**Source data:**
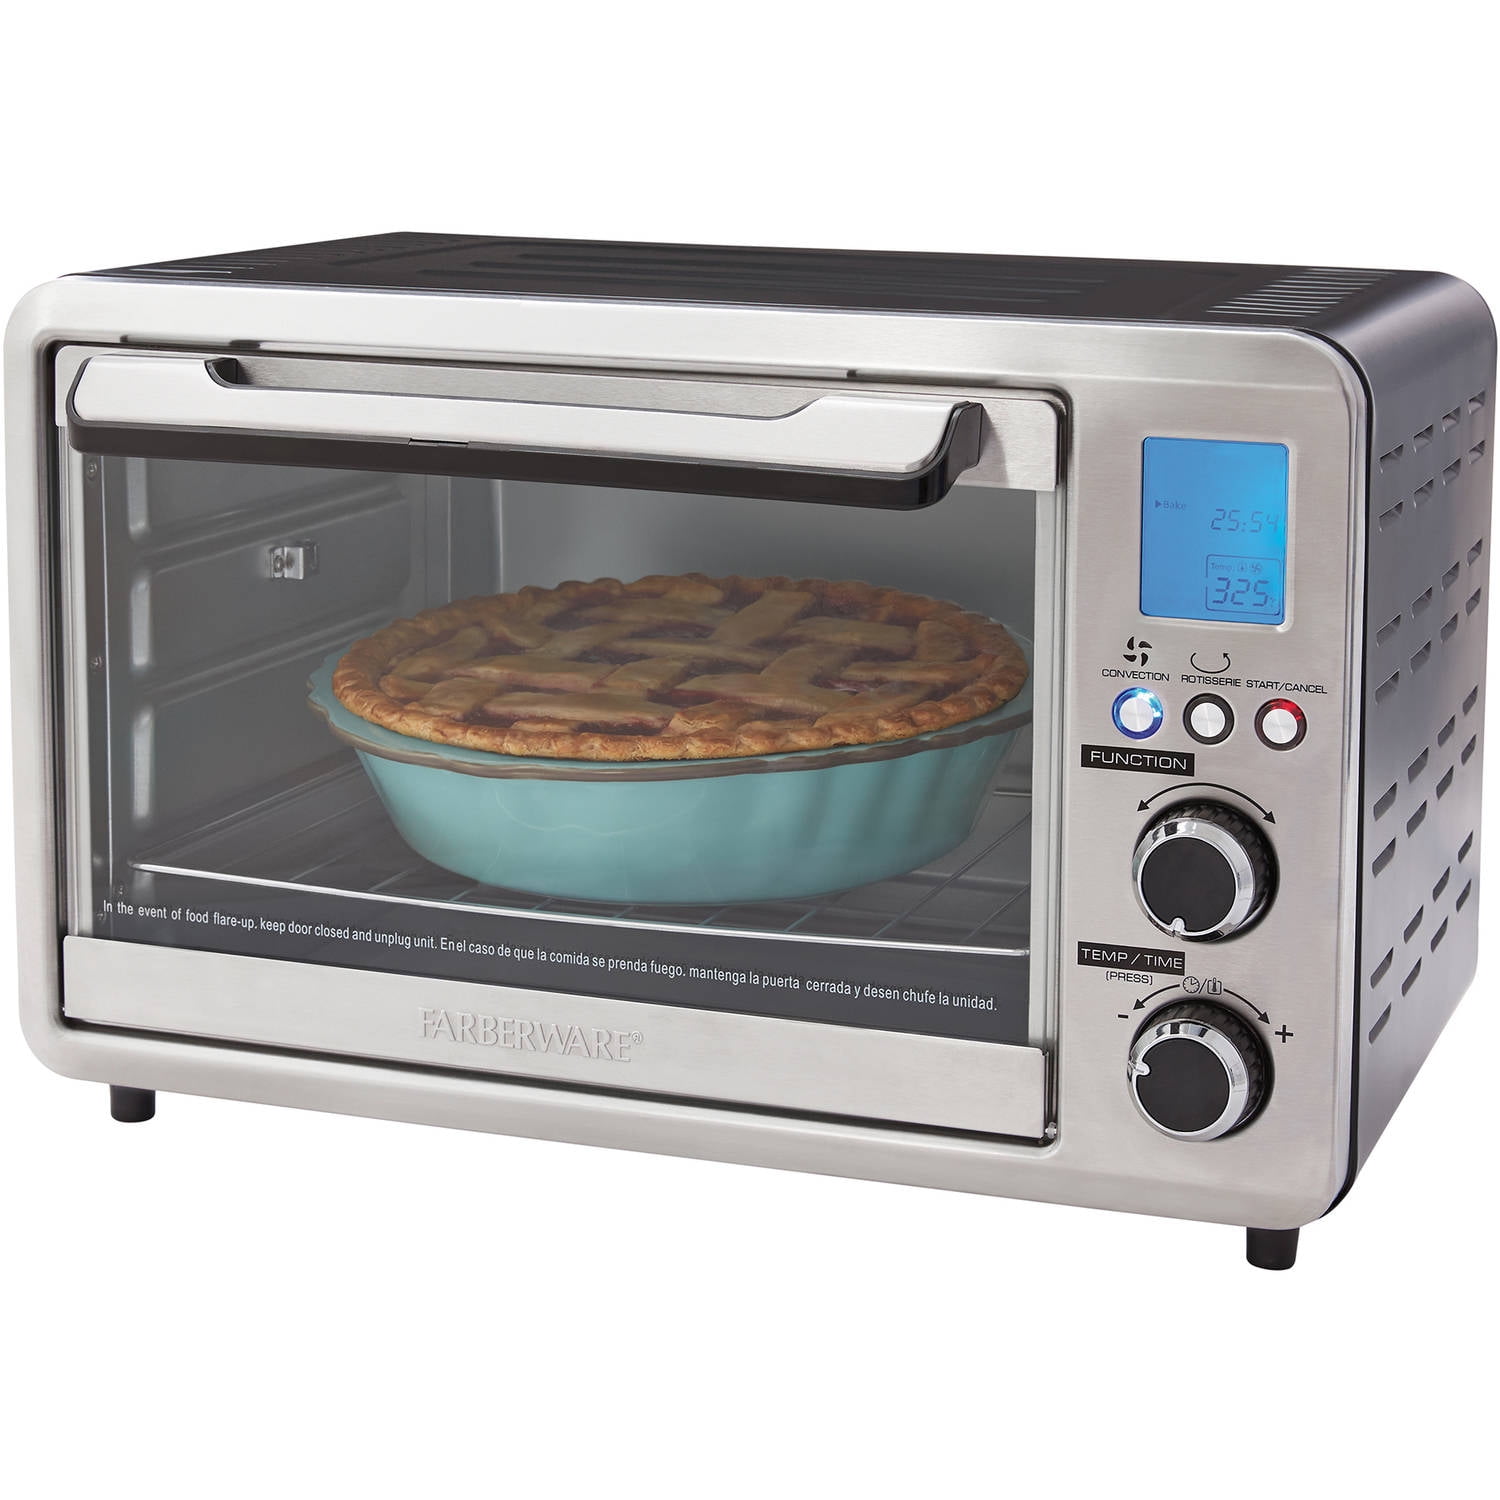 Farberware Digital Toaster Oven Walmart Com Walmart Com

---

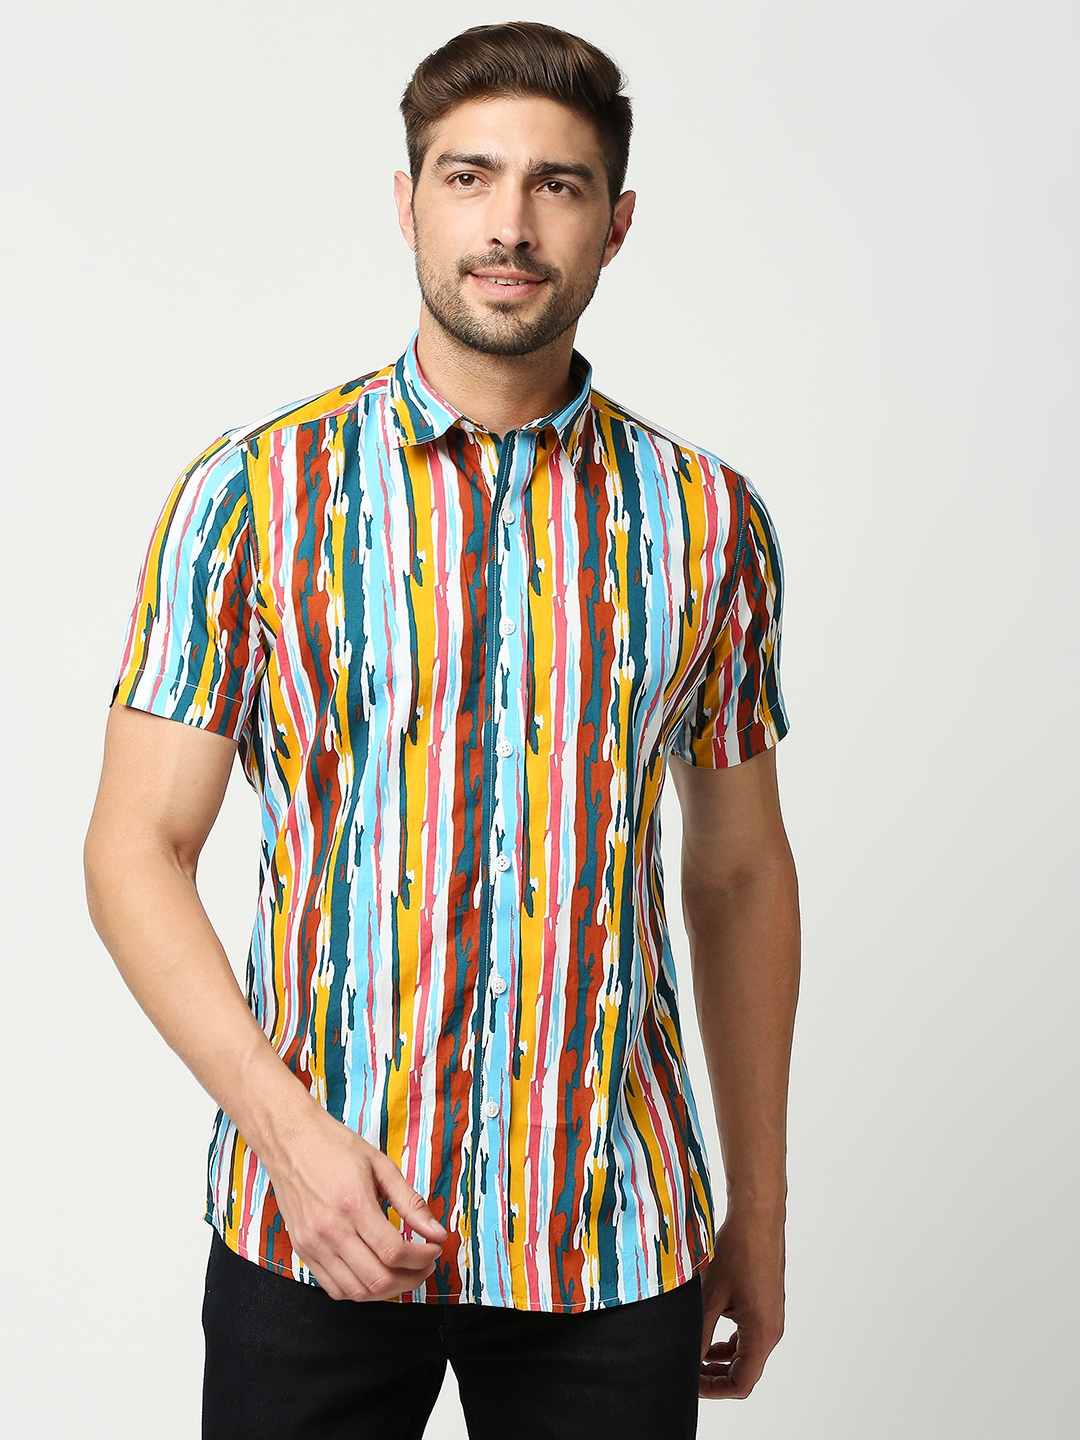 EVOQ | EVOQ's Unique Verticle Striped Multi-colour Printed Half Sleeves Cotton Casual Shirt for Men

...

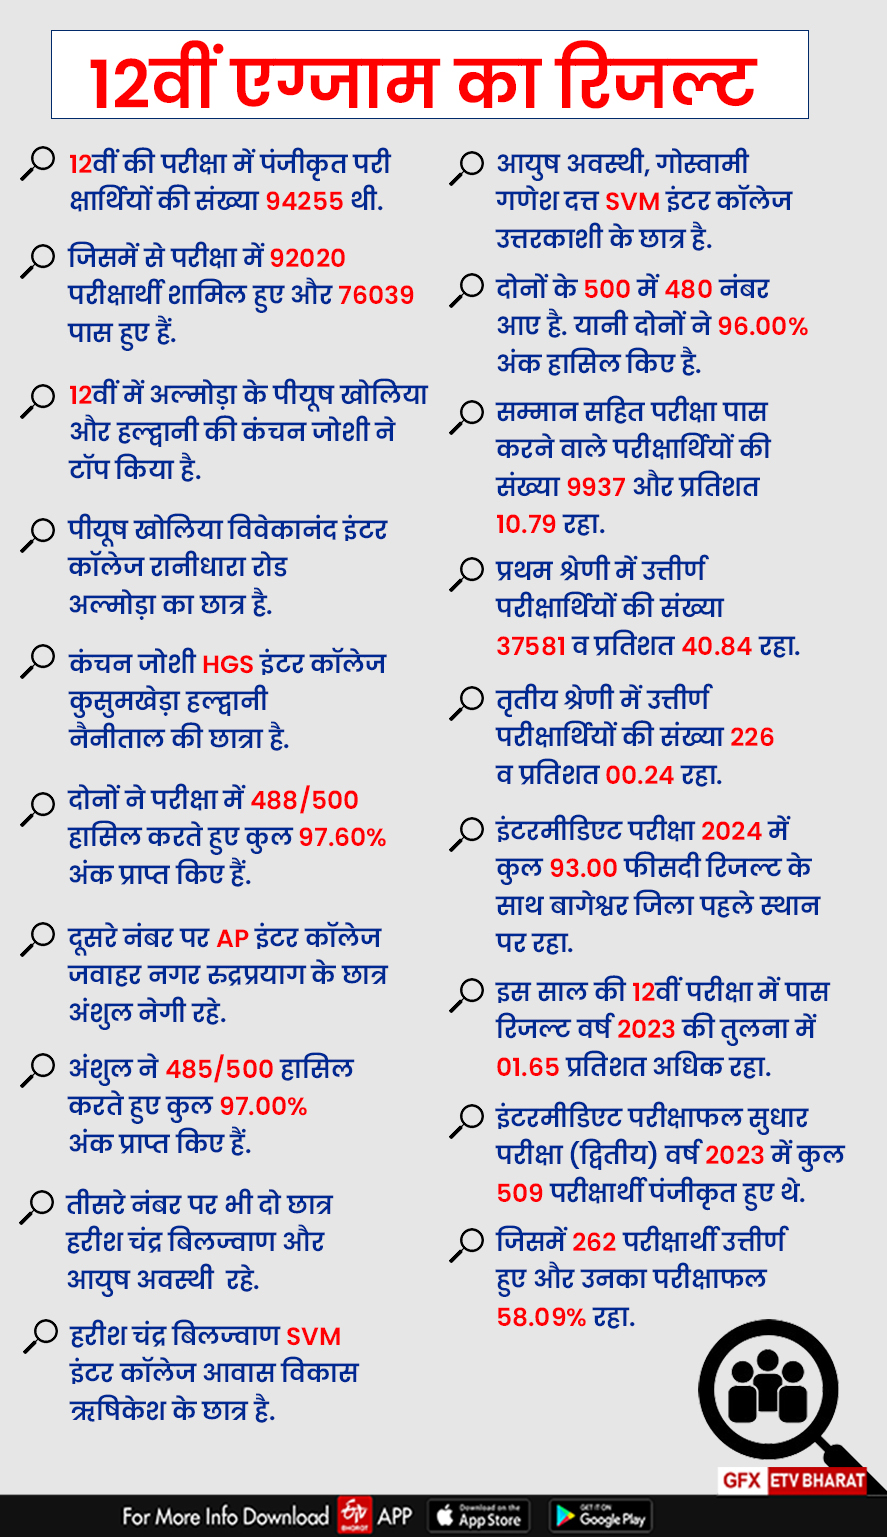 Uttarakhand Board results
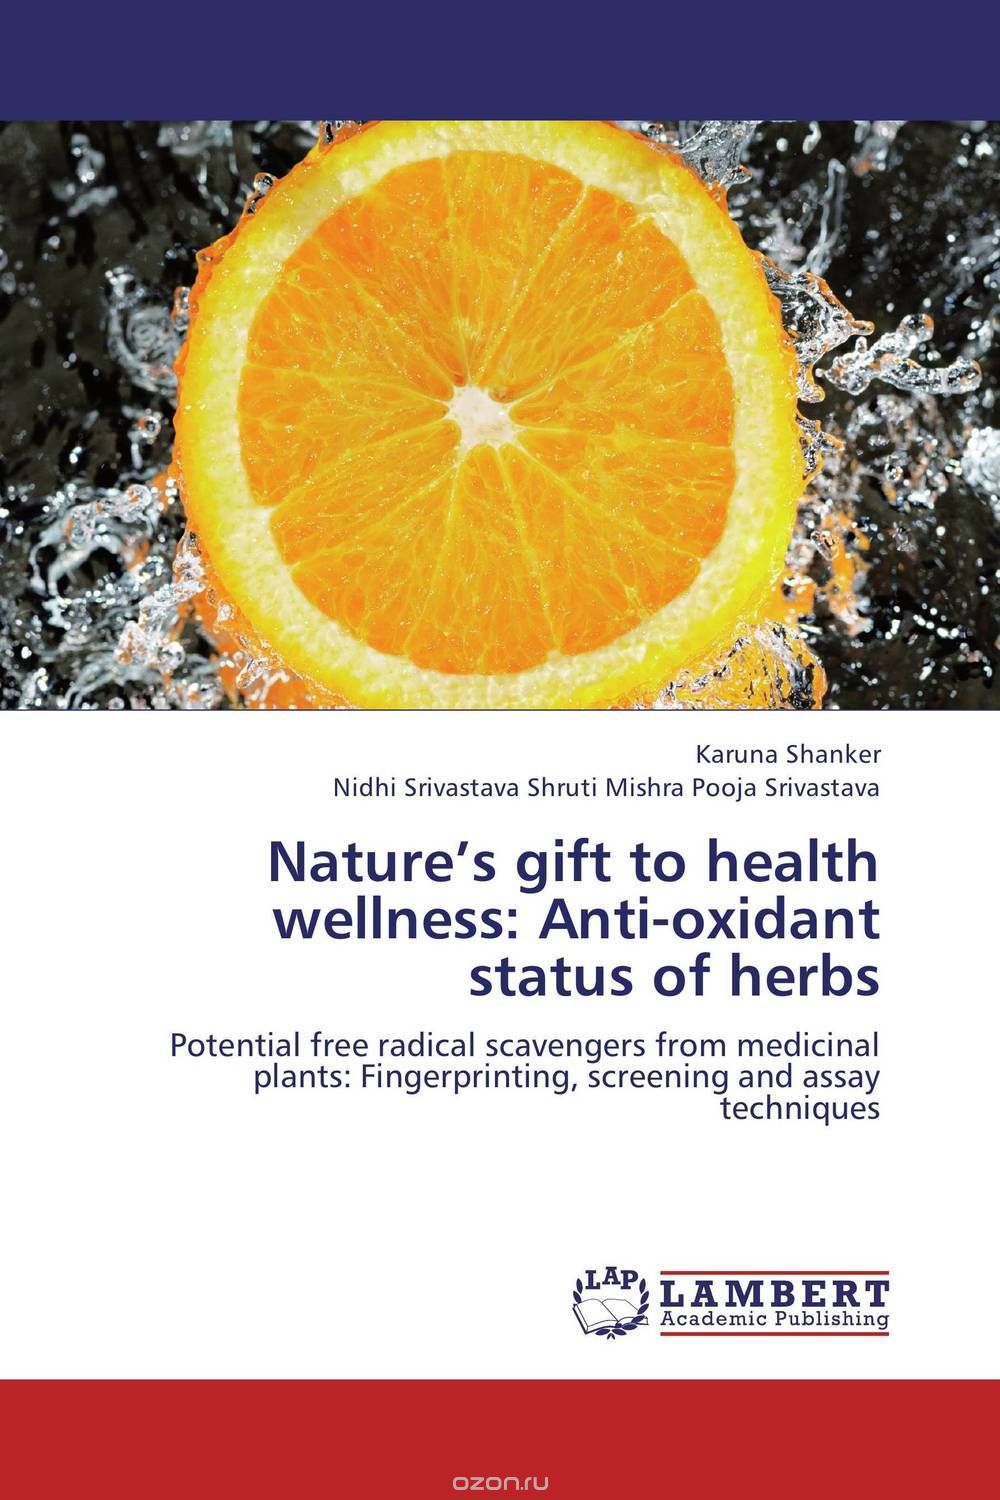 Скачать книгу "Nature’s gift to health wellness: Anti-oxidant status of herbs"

**Instructions for the task:** Above are the records; return the lines in them from the one with "Uttarakhand Board results" to the one with "gift to health", inclusive, exactly and without images.

**Solution for this exercise:**
 Uttarakhand Board results
 Скачать книгу "Nature’s gift to health wellness: Anti-oxidant status of herbs"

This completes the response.